**Task to carry out:**
Your copy starts at the line containing "Nudo Glossy Glanz" and ends at the last line of the material below. Reproduce those lines exactly, with no pictures.

**Data block:**

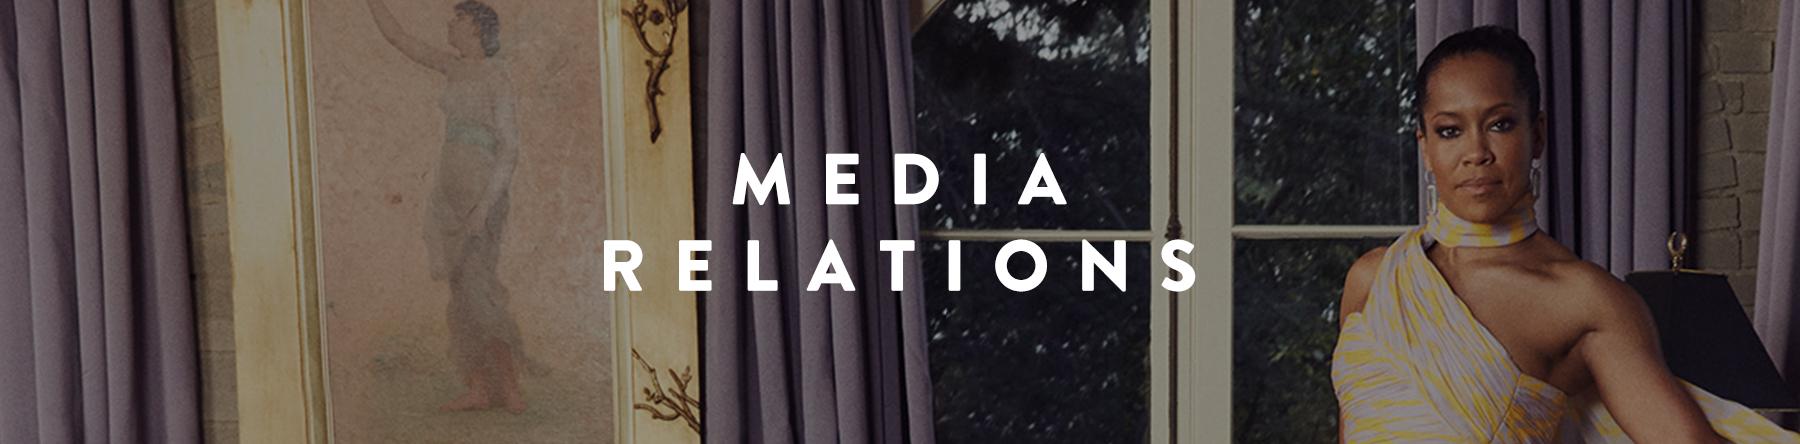 mediarelations.jpg
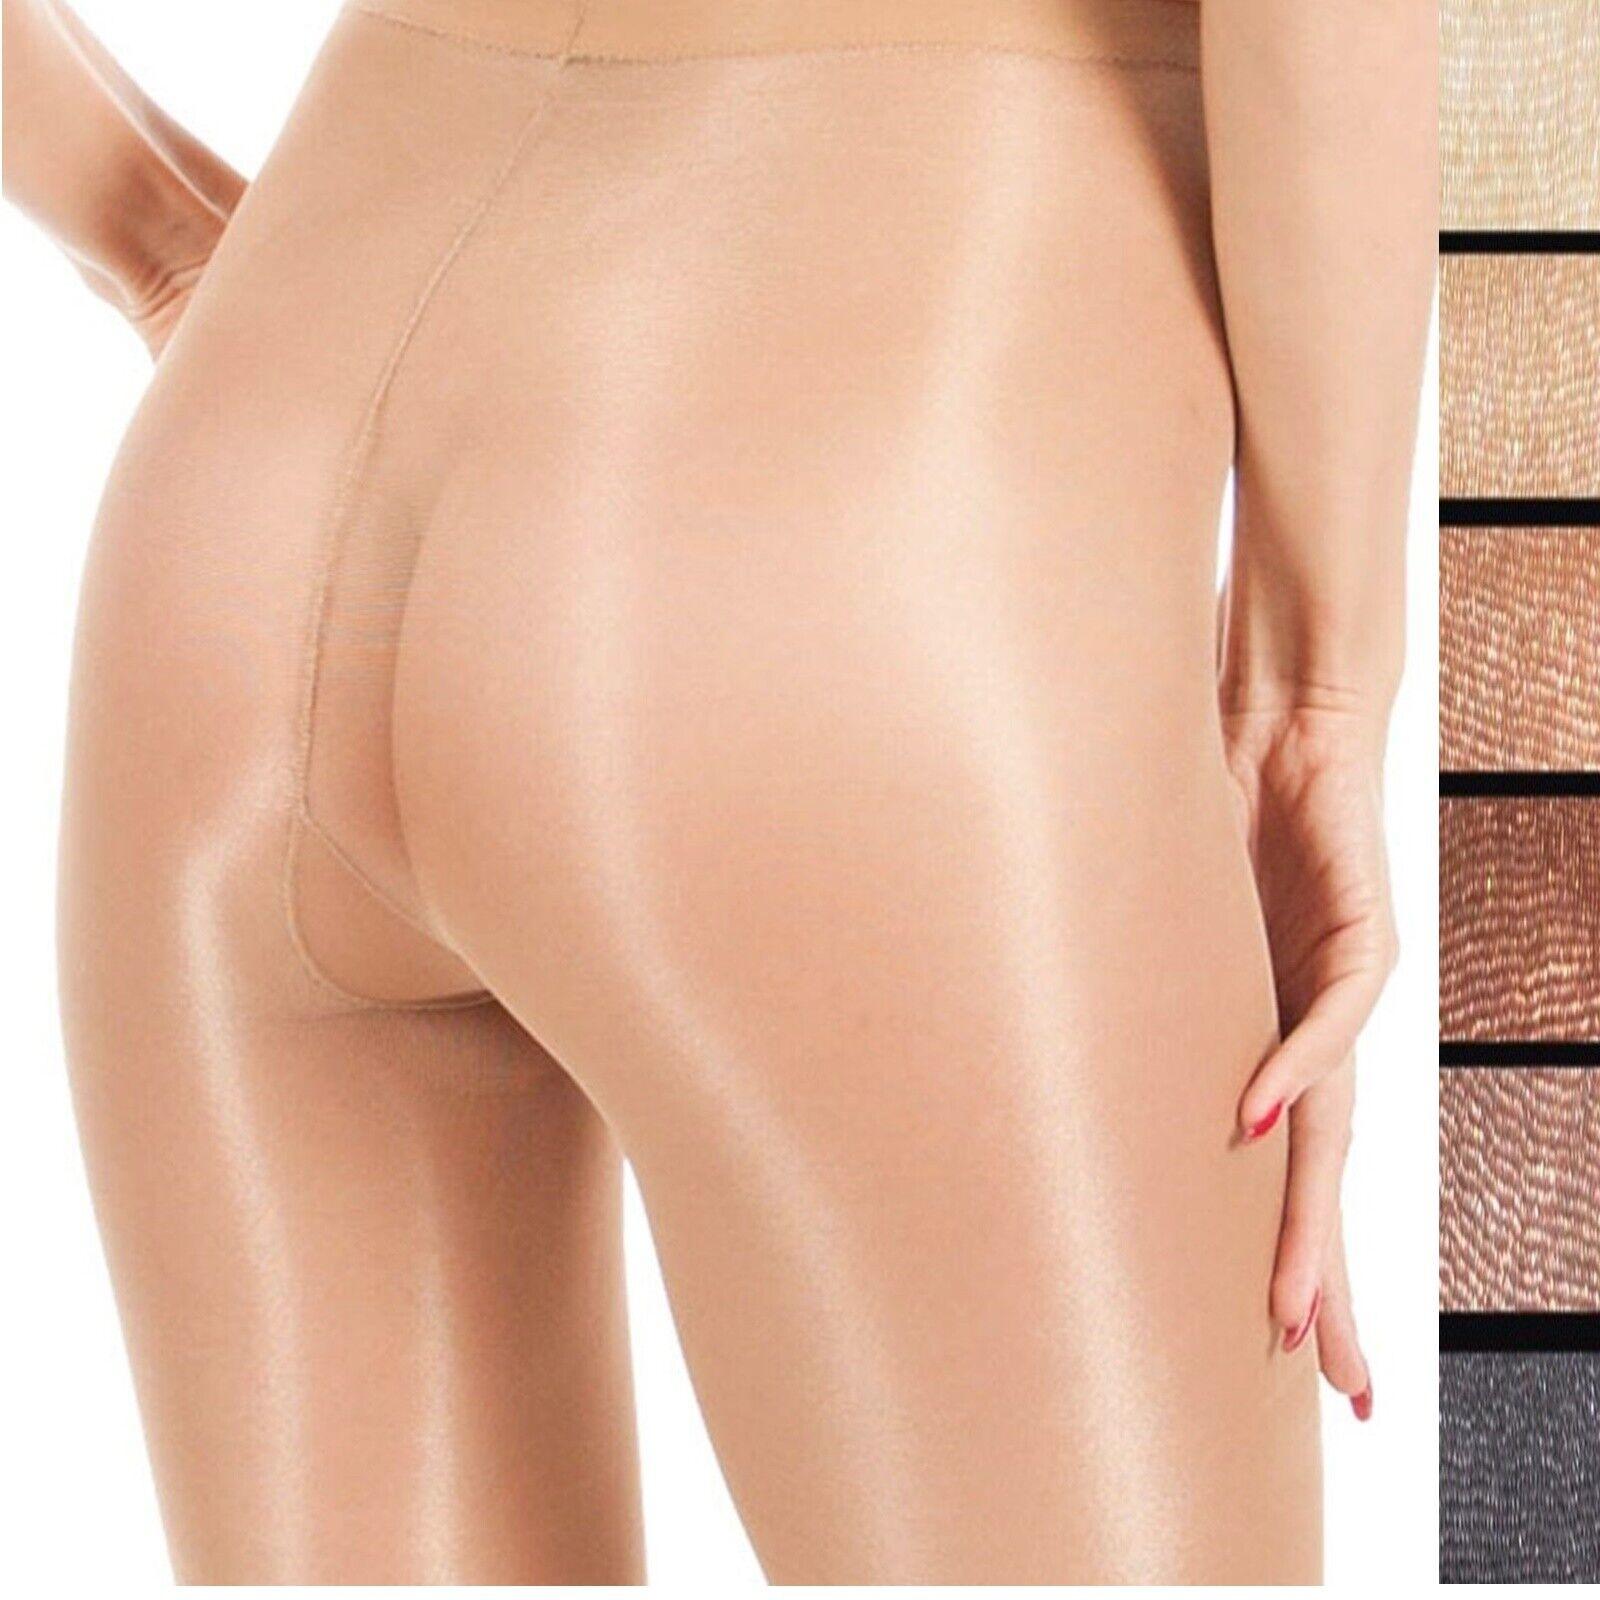 Nudo Glossy Glanz Satin-Strumpfhose 20 den glänzend Farben T-Band transparent
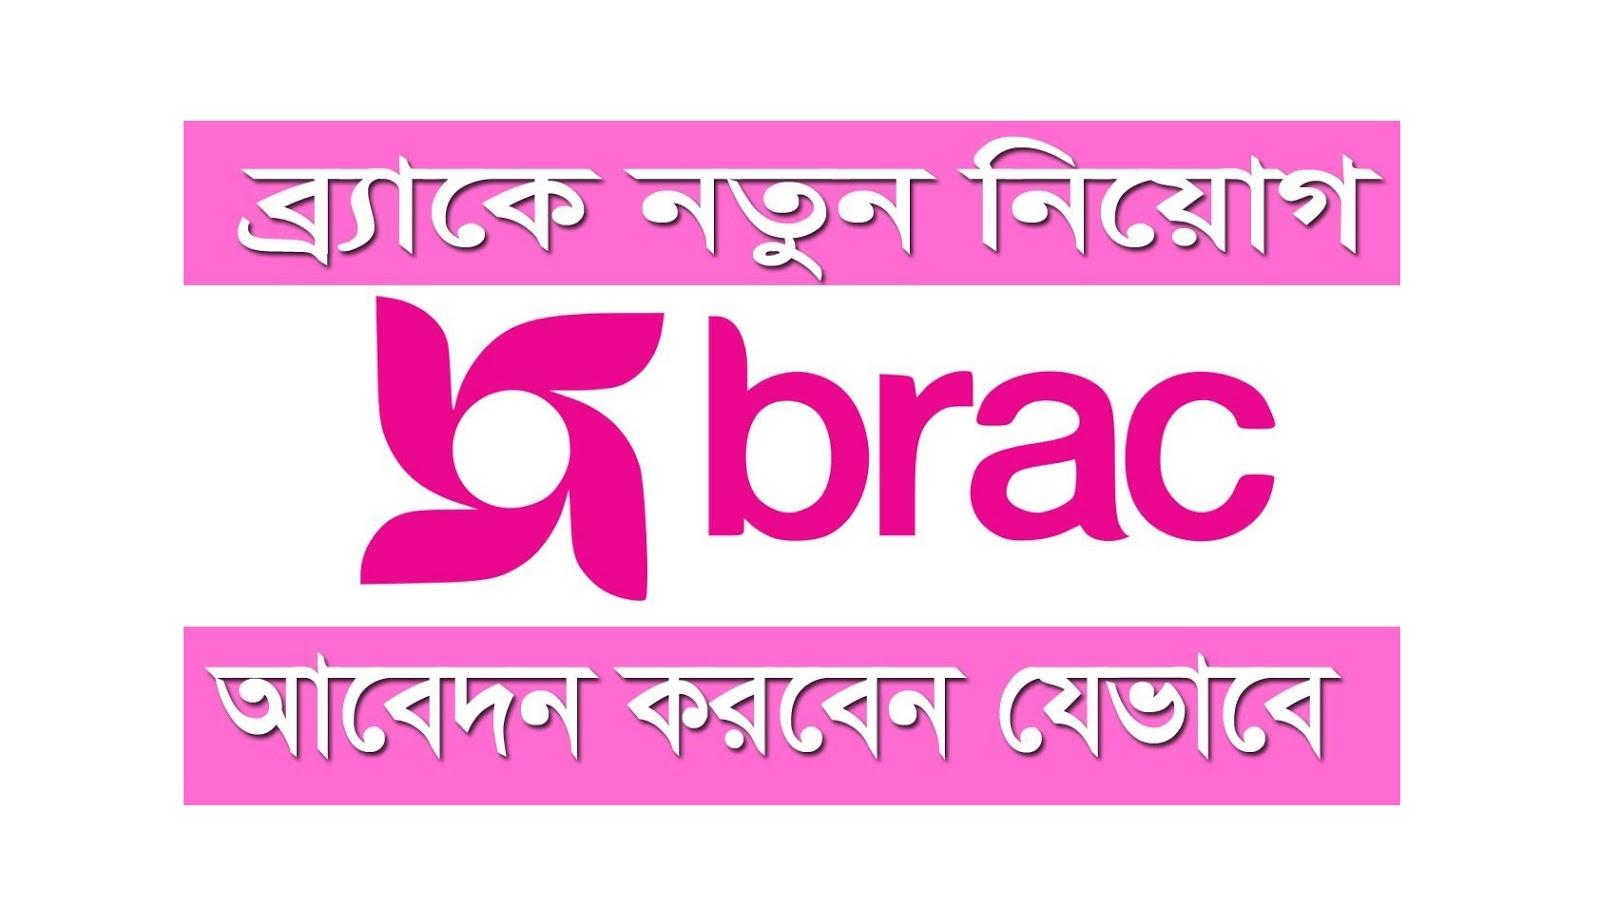 BRAC Bank Limited Job Circular || ব্রাকে আবারো নতুন চাকরির নিয়োগ বিজ্ঞপ্তি প্রকাশ

**Response:**
 Nudo Glossy Glanz Satin-Strumpfhose 20 den glänzend Farben T-Band transparent
 BRAC Bank Limited Job Circular || ব্রাকে আবারো নতুন চাকরির নিয়োগ বিজ্ঞপ্তি প্রকাশ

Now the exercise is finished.